Animal Transport requires problem solving skills to get the animals, food, and so on from one side of the river to the other. In the first level, you have a bunny, carrot, and wolf. If you leave the bunny with the carrot, he’ll eat the carrot. If you leave the bunny with the wolf, the wolf will eat the bunny. You have to move them from one side to the other safely in as few moves as possible.
In grade school, my teachers used to put up riddles like this all the time. I am awful at them! This game, however, provides a progressive approach. You start with three animals, rather than starting with nine for example. I could solve this one!
Teach Kids Higher Order Thinking
Animal Transport encourages higher-order thinking. When kids have to think of who will eat what, they are better able to move the puzzle ahead. They practice forethought. If your child makes a mistake, then the result isn’t gory. There’s no wolf chasing the rabbit, no clouds of dust to cover it like in Looney Tunes, so kids won’t be scarred for life or anything. A small box appears with a wolf holding the bunny by the ears, so you don’t have to worry, nor explain. A bunny eating a carrot is not as scary as the big bad wolf, so no worries there.
Some levels have more than two islands, so you have to think through that too. There aren’t more animals for a few levels though, so you get to figure out all the ins and outs of transporting the first three first.

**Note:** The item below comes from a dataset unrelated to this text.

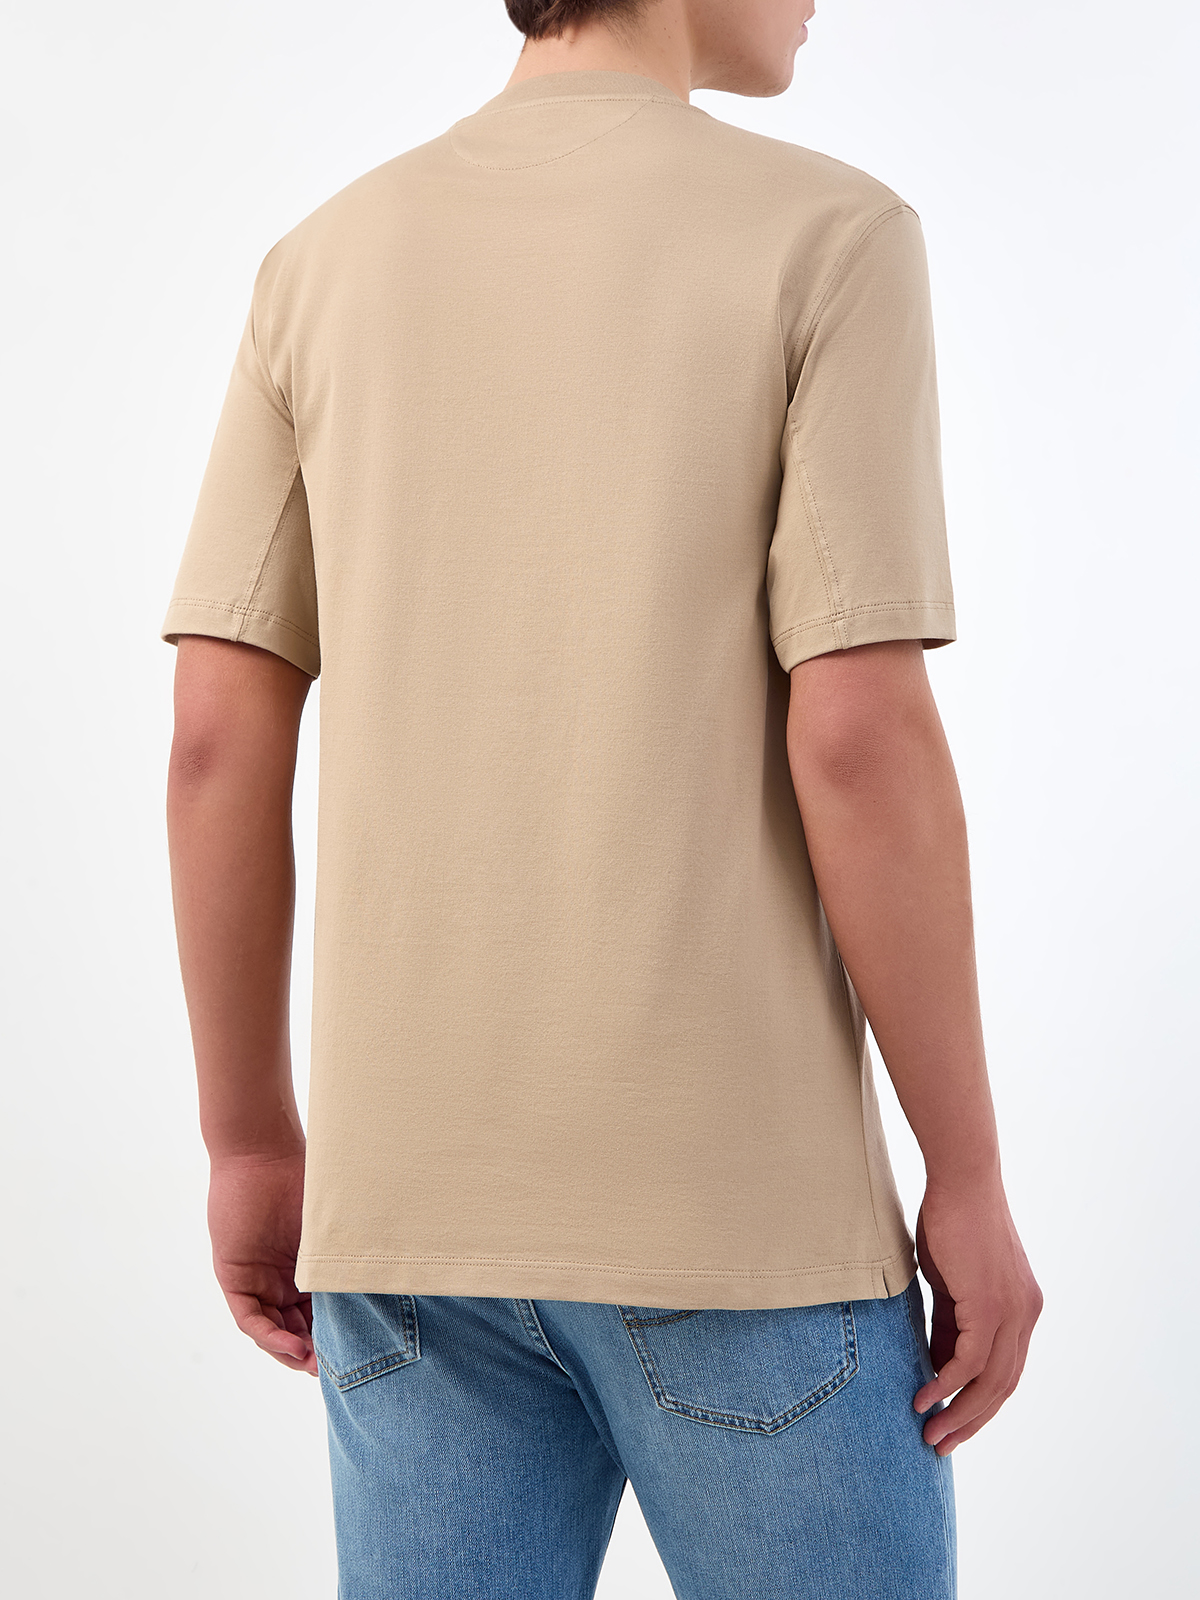 Однотонная футболка из хлопка джерси с вышитым логотипом BRUNELLO CUCINELLI, цвет бежевый, размер 50;52;54;56 - фото 4

Move from few animals to more animals slowly to learn rather than overwhelm
Solving the level
Animal Transport is an iPad and iPhone game that allows your child to use their problem solving skills and higher order thinking. They have to get the bunny to the island without it eating the carrot, but also keep the wolf from eating the bunny. There isn’t a gory story if you accidentally let the bunny get caught by the wolf, so your child won’t have nightmares. Overall, it’s a fun game to help kids figure out how to move pieces. It can be a precursor to chess or other strategy games, and my 11-year-old son enjoyed puzzling through the levels, and did so quite quickly, so you could start this activity with anyone ages five and up.